Semarang - KeSEMaTBLOG. Foto di samping ini adalah foto Bapak Saur, seorang warga Dusun Tapak, Kecamatan Tugu Semarang, yang sedang memanen ikan, udang dan kepiting di tambaknya. Tambak model semi intensif yang sangat tergantung kepada kondisi alam ini, banyak ditemukan di Tugu berkenaan dengan reklamasi lahan mangrove sebagai area pertambakan yang telah terjadi di tahun 90-an. Foto kami abadikan, di bulan Oktober 2009, pada saat kami mengadakan kunjungan ke sana, bersama dengan salah seorang Rekan kami, dari Mangrove Information Center (MIC) Bali.
Berbicara tentang pertambakan di Tugu, kondisinya hingga artikel ini ditulis, memang sungguh sangat-sangat mengkhawatirkan. Dalam kurun waktu sepuluh tahun terakhir ini, abrasi telah menelan hingga 40% pesisir pantainya hingga menenggelamkan ratusan hektar tambak. Tak hanya itu, akibat dari bencana ini, maka masyarakat di sana, juga telah kehilangan pekerjaannya sebagai petambak. Padahal, di masa lalu, menjadi petambak adalah suatu hal yang “prestise” karena sangat menguntungkan dan bisa menghasilkan banyak uang. Banyak perusahaan swasta yang (juga) menginvestasikan uangnya untuk usaha di bidang ini, sehingga banyak sekali orang kaya di kala itu.

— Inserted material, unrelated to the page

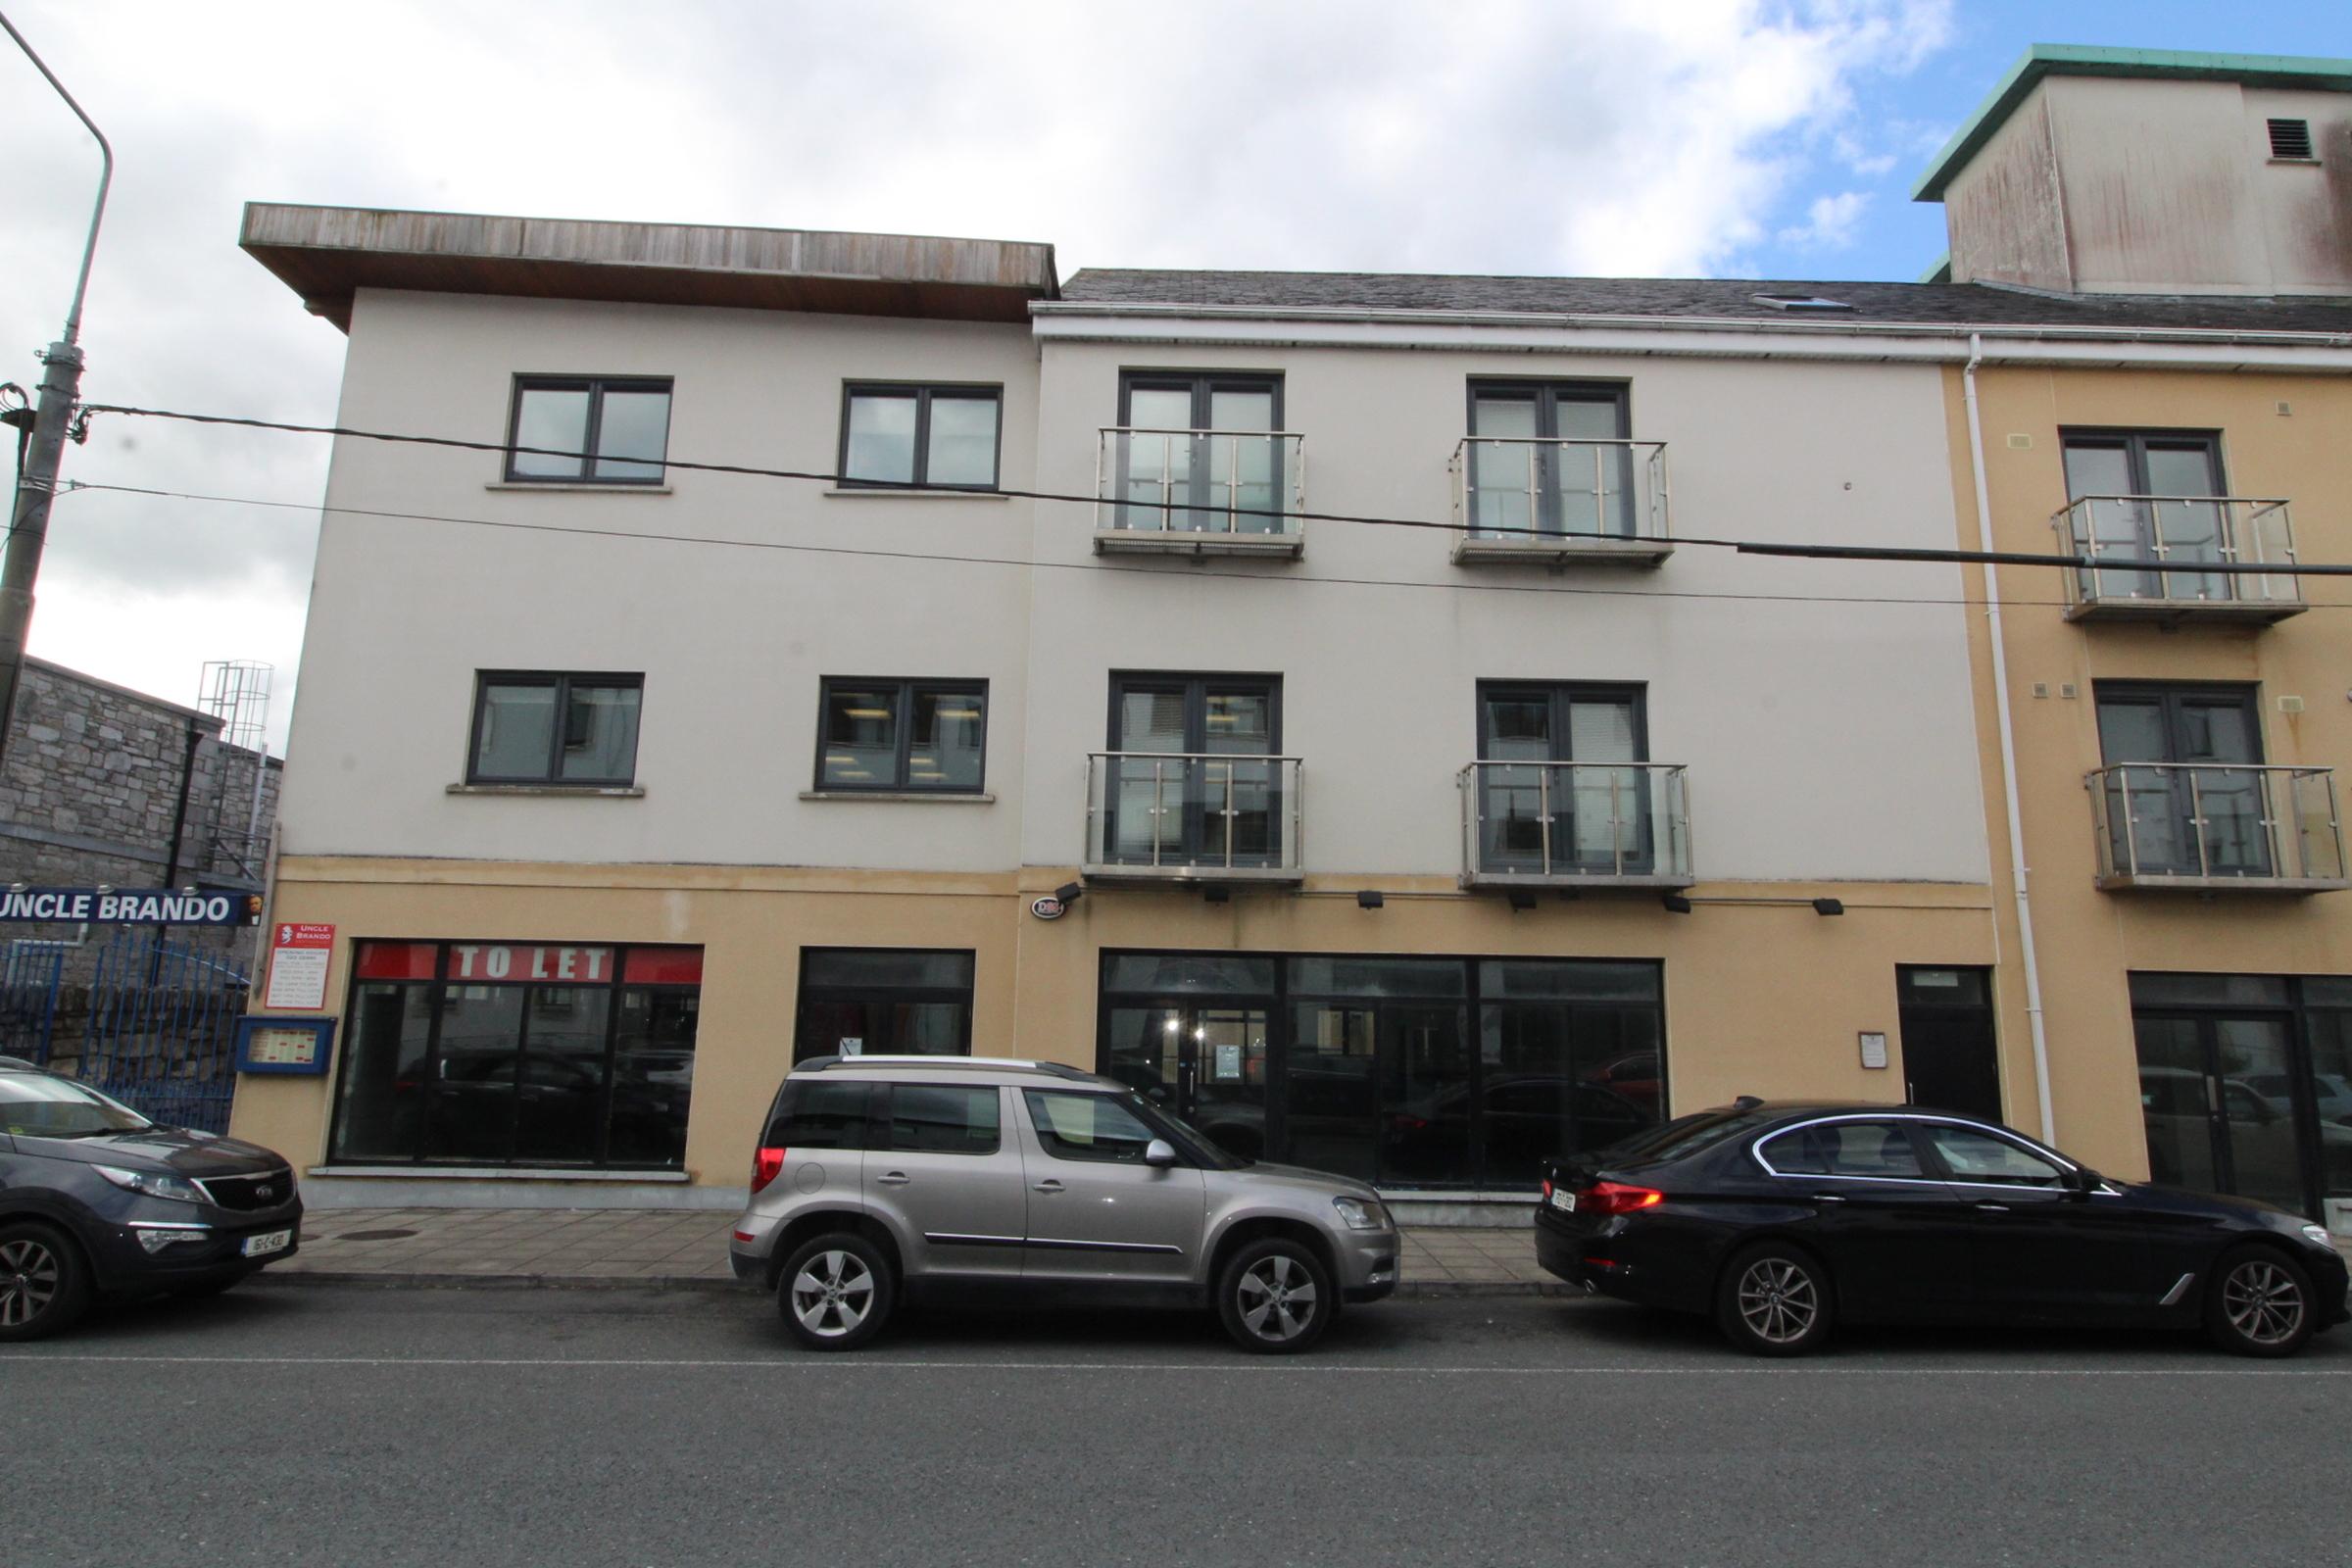 Unit 2, Fairgreen, Mallow, Co. Cork
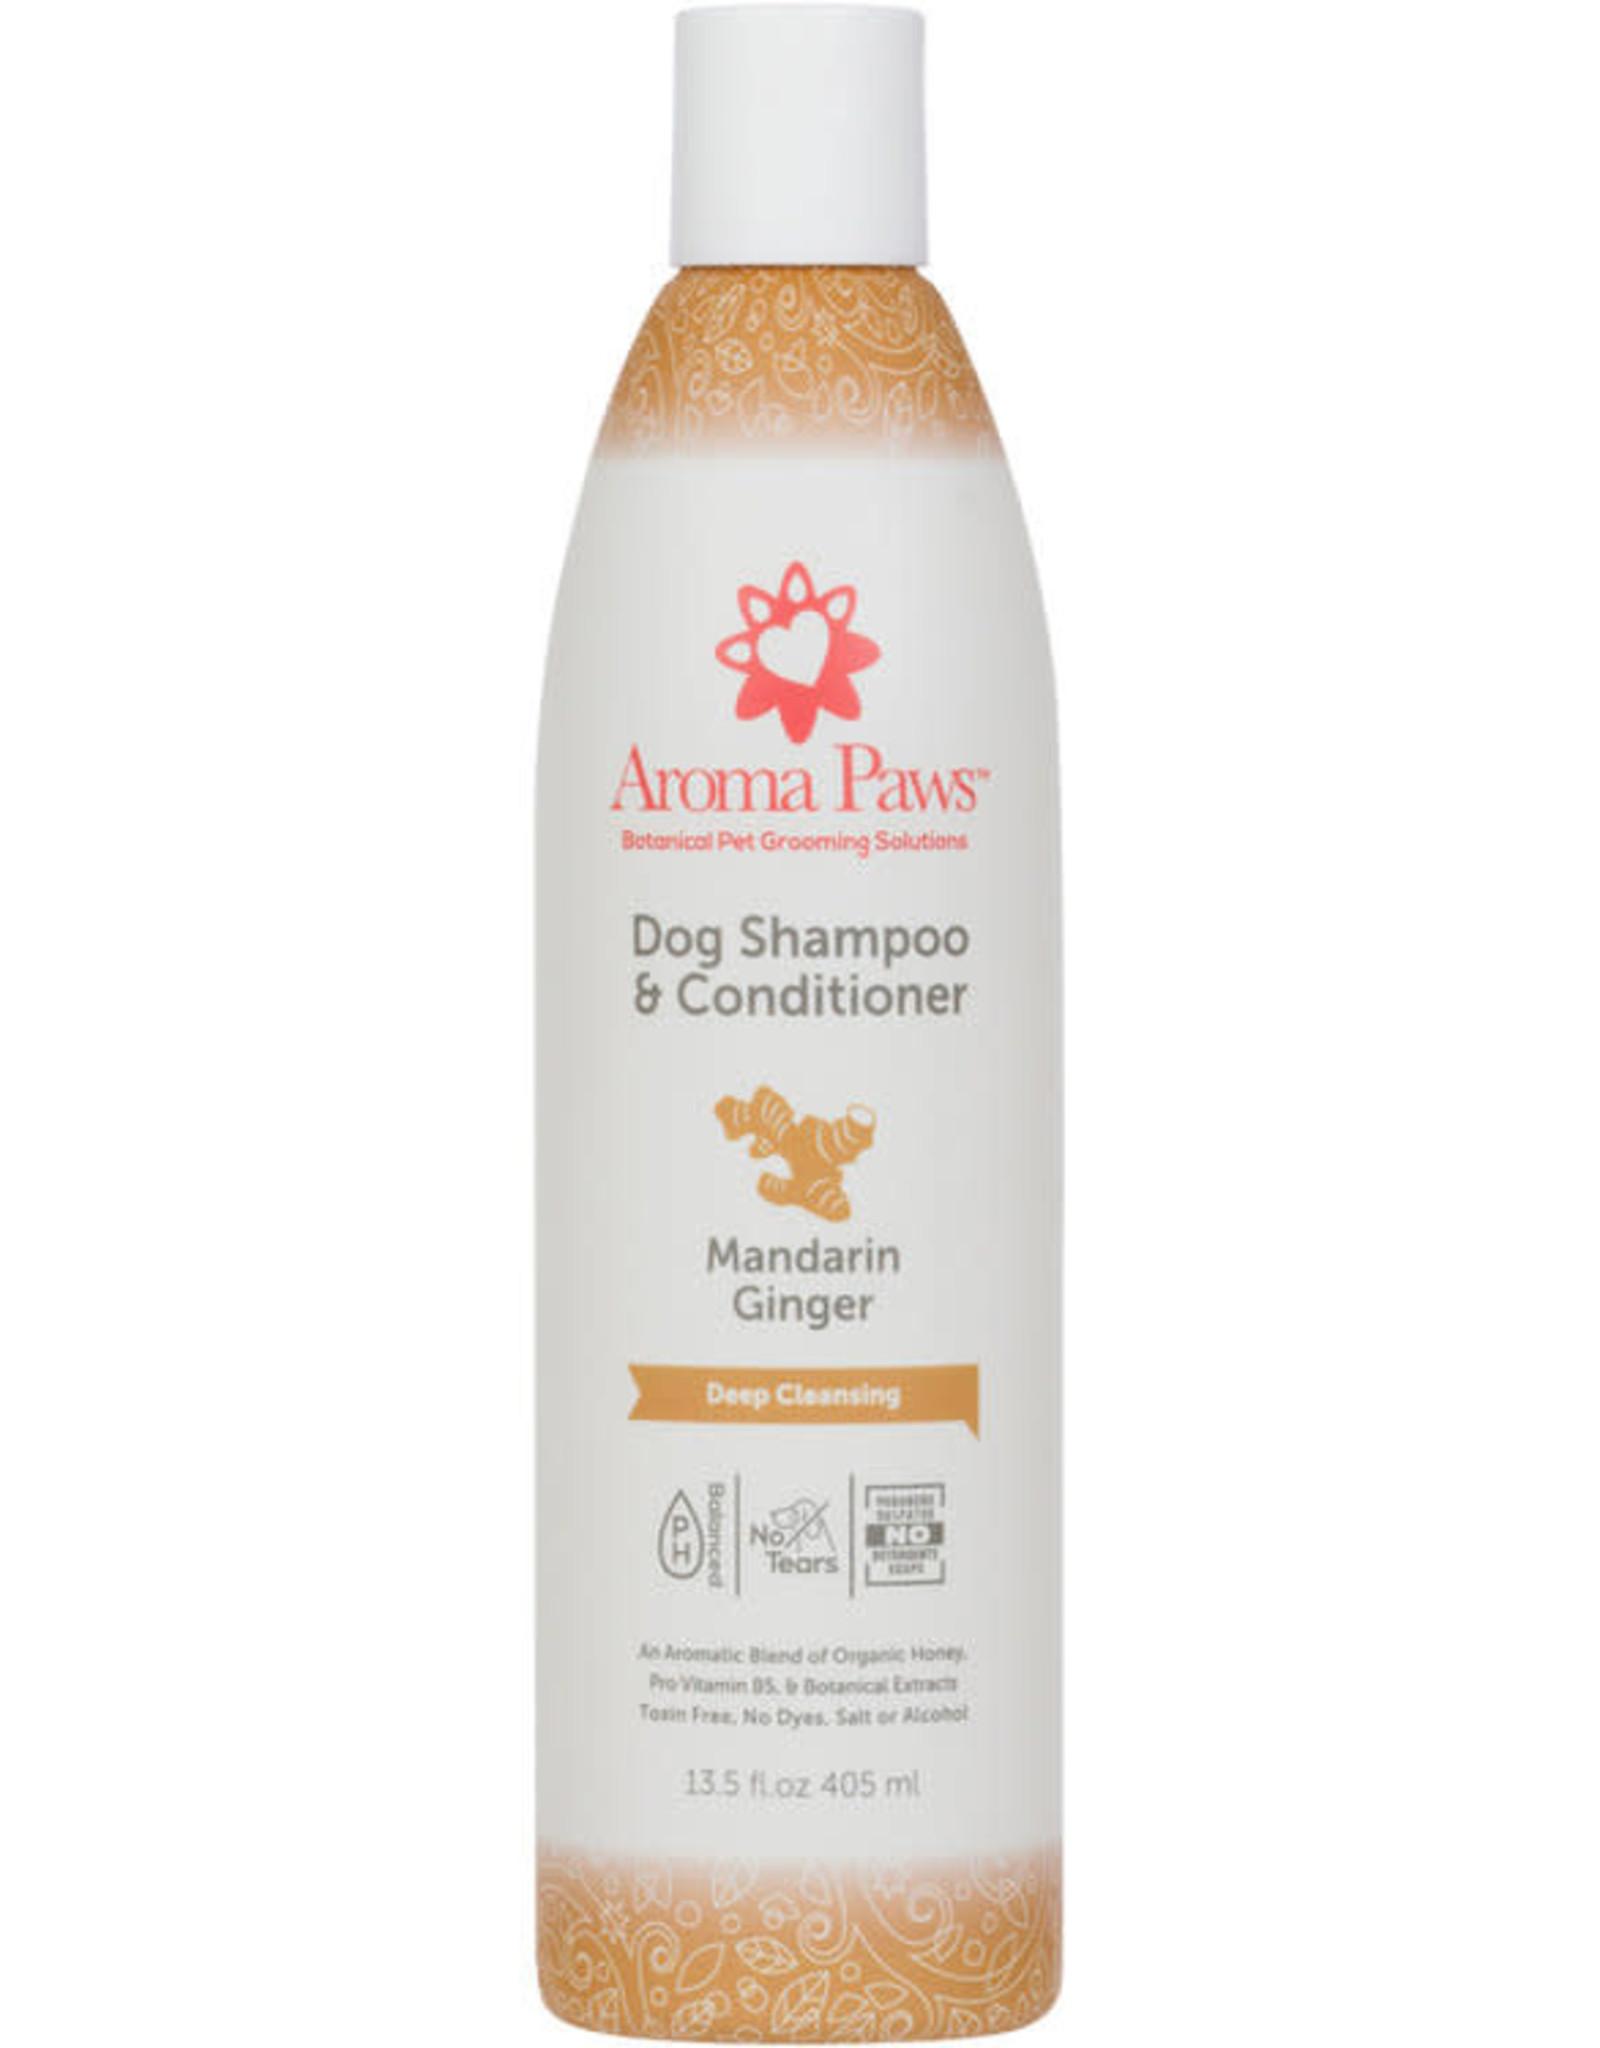 Mandarin Ginger Shampoo & Conditioner 13.5oz

Namun sayang, di tahun 2009 ini, keadaan menjadi berbalik seratus delapan puluh derajat! Pembukaan tambak ini, ternyata telah menjadi faktor paling besar penyebab kerusakan di wilayah pesisir Tugu. Tanah pesisir menjadi terabrasi, rusak dan tidak produktif lagi sehingga tambak-tambak kini telah ditinggalkan oleh masyarakatnya. Berdasarkan informasi yang kami dapatkan, kerusakan ekosistem mangrove di Tugu juga menyebabkan naiknya suhu, hilangnya beragam jenis mangrove akibat penebangan, dan banjir dan rob yang tiada henti. Sungguh mengenaskan!
Kini, beragam cara mulai dilakukan untuk mengembalikan kondisi mangrove seperti sedia kala. Program rehabilitasi mangrove, mulai banyak digulirkan di sana, untuk membantu menyelamatkan ekosistem mangrove berikut masyakatnya, dari serangan ganasnya gelombang laut, yang sewaktu-waktu siap “menelan” mereka.
Selanjutnya, rusaknya mangrove, ternyata juga sangat dirasakan oleh Bapak Saur. Hasil tangkapan ikan, udang dan kepiting di tambak beliau, sekarang ini juga sangat menurun apabila dibandingkan dengan beberapa tahun silam. Sebagai ilustrasi, kalau dulu, beliau bisa mendapatkan puluhan ton, kini hanya maksimal 5 ton saja, dalam satu kali panen. Hal ini, dikarenakan ikan, udang dan kepiting, sudah tidak memiliki tempat tinggalnya lagi untuk berpijah, bertelur, beranak pinak, mengasuh dan membesarkan anaknya. Mangrove telah hilang!
Kesimpulannya, beginilah jadinya apabila kita bertindak semena-mena terhadap mangrove. Silahkan Anda tebangi mangrove kita, maka otomatis ikan-ikan kita juga akan menghilang. “Mangrove Ditebang, Ikan Menghilang.” Apakah ini yang kita inginkan bersama? Salam MANGROVER!